UZP sprawdzał kontrakt ZUS-u z Asseco od początku 2014 roku. W swoim piśmie napisał, że zostały złamane zasady uczciwej konkurencji i równego traktowania wykonawców. Jeśli spełnione są łącznie wszystkie te warunki, to powoduje to ograniczenie liczby potencjalnych wykonawców do jednego wykonawcy - czytamy w dokumencie.

Poza tym Urząd Zamówień Publicznych podaje, że warunki przetargu były drobiazgowe, bo ZUS wymagał np. by firma, która ma odsługiwać system, wskazała z imienia i nazwiska 87 pracowników, którzy będą delegowani do obsługi tego kontraktu. Poza tym dodatkowo każdy z pracowników musiał np. spełnić warunek pracy przez minimum dwa lata, w ostatnich trzech latach, przy utrzymaniu systemu informatycznego, który był warty co najmniej 3 mln zł brutto miesięcznie. Biegły, który został wynajęty przez UZP uznał takie wymagania za "całkowicie nieuzasadnione".

Według kontrolerów, tak wygórowane warunki, mogły preferować taką firmę, która już wcześniej obsługiwała zaawansowany system w ZUS.

Kontrolerzy UZP przyjrzeli się też komisji przetargowej, która rozpatrywała przyznanie w/w kontraktu i stwierdzili, że dwoje jej członków - pracowników ZUS - zasiadało od lipca 2009 do marca 2014 r. (w tym czasie decydowano o wynikach przetargu) w radzie nadzorczej fundacji, która pomagała dzieciom, gdzie udzielali się też pracownicy Asseco - jeden z nich był odpowiedzialny za podpisanie i złożenie wniosku o dopuszczenie do udziału w przetargu.
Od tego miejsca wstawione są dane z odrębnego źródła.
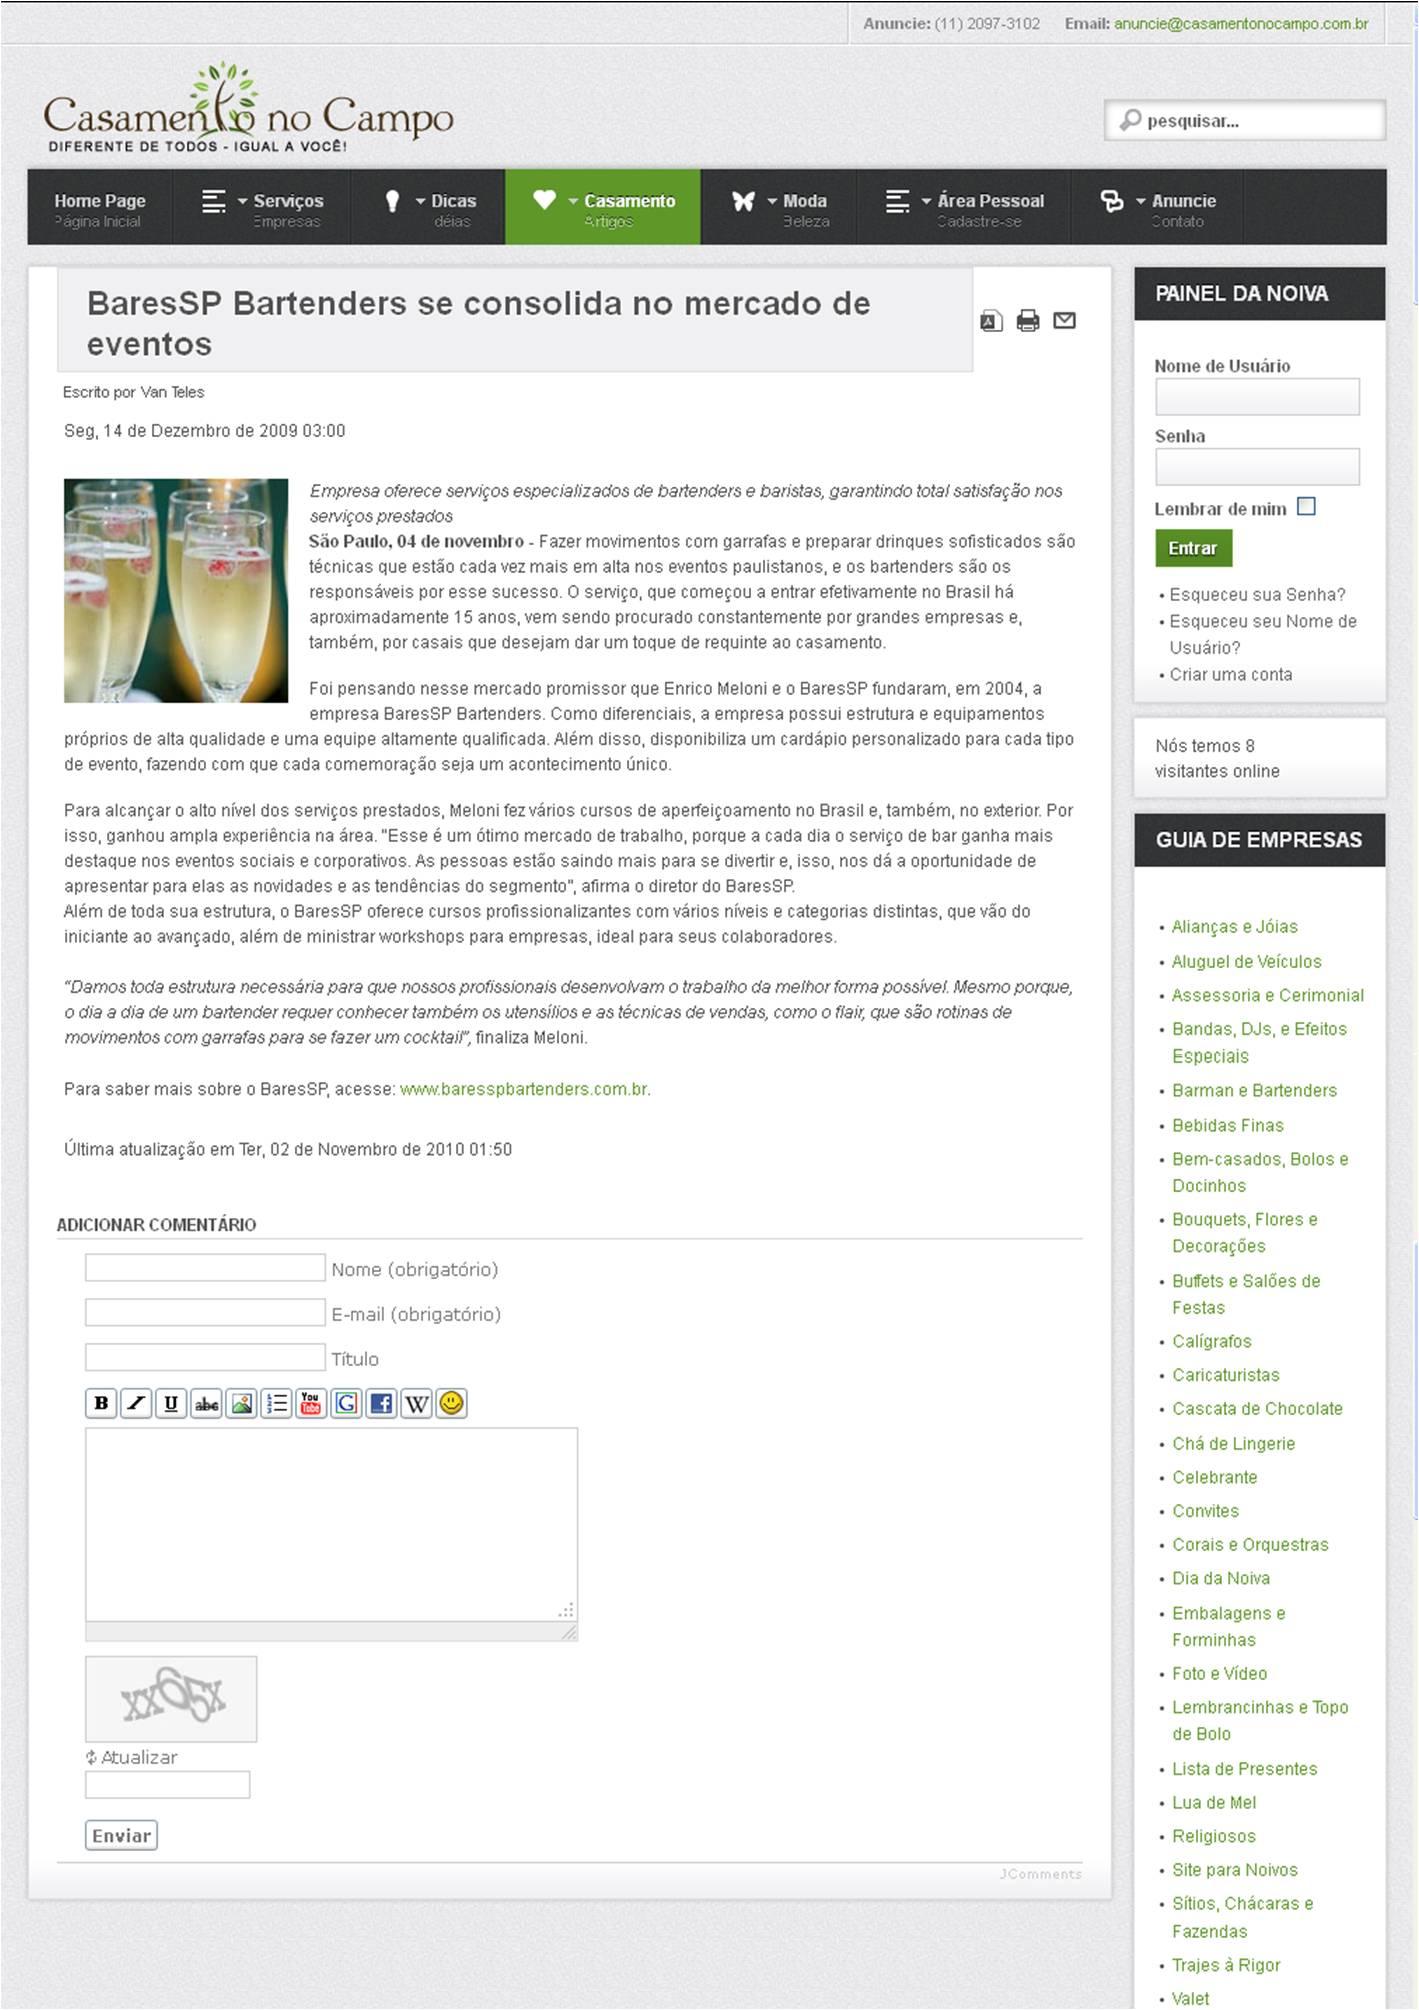 BaresSP Bartenders se consolida no mercado de eventos BaresSP image

Zdaniem kontrolerów taki stan faktyczny może budzić wątpliwości dotyczące obiektywizmu i bezstronności i osób odpowiedzialnych za przygotowanie i przeprowadzenie postępowania przy zamówieniu.

W odpowiedzi na te zarzuty, Ewa Kryj z Asseco Poland napisała: "W postępowaniu żaden z konkurentów Asseco nie skorzystał z przysługującego mu uprawnienia i nie złożył odwołania od warunków udziału w przetargu określonych przez Zamawiającego. Tym samym można wnioskować, że » rynek «zidentyfikował wymagania Zamawiającego jako nienaruszające zasad uczciwej konkurencji”.

Zakład Ubezpieczanych Społecznych wysłał pismo do UZP, bo nie zgadza się z zarzutami. Ostatecznie prezes Urzędu może wystąpić do sądu i zażądać nawet o unieważnienia przetargu.

Przedstawiciel rządu nie potrafi sobie wyobrazić ja miało by to wyglądać: "To by była katastrofa. ZUS miałby się domagać kilkuset milionów od Asseco? Wtedy oni pójdą do sądu. A co z systemem, który księguje emerytury Polaków?".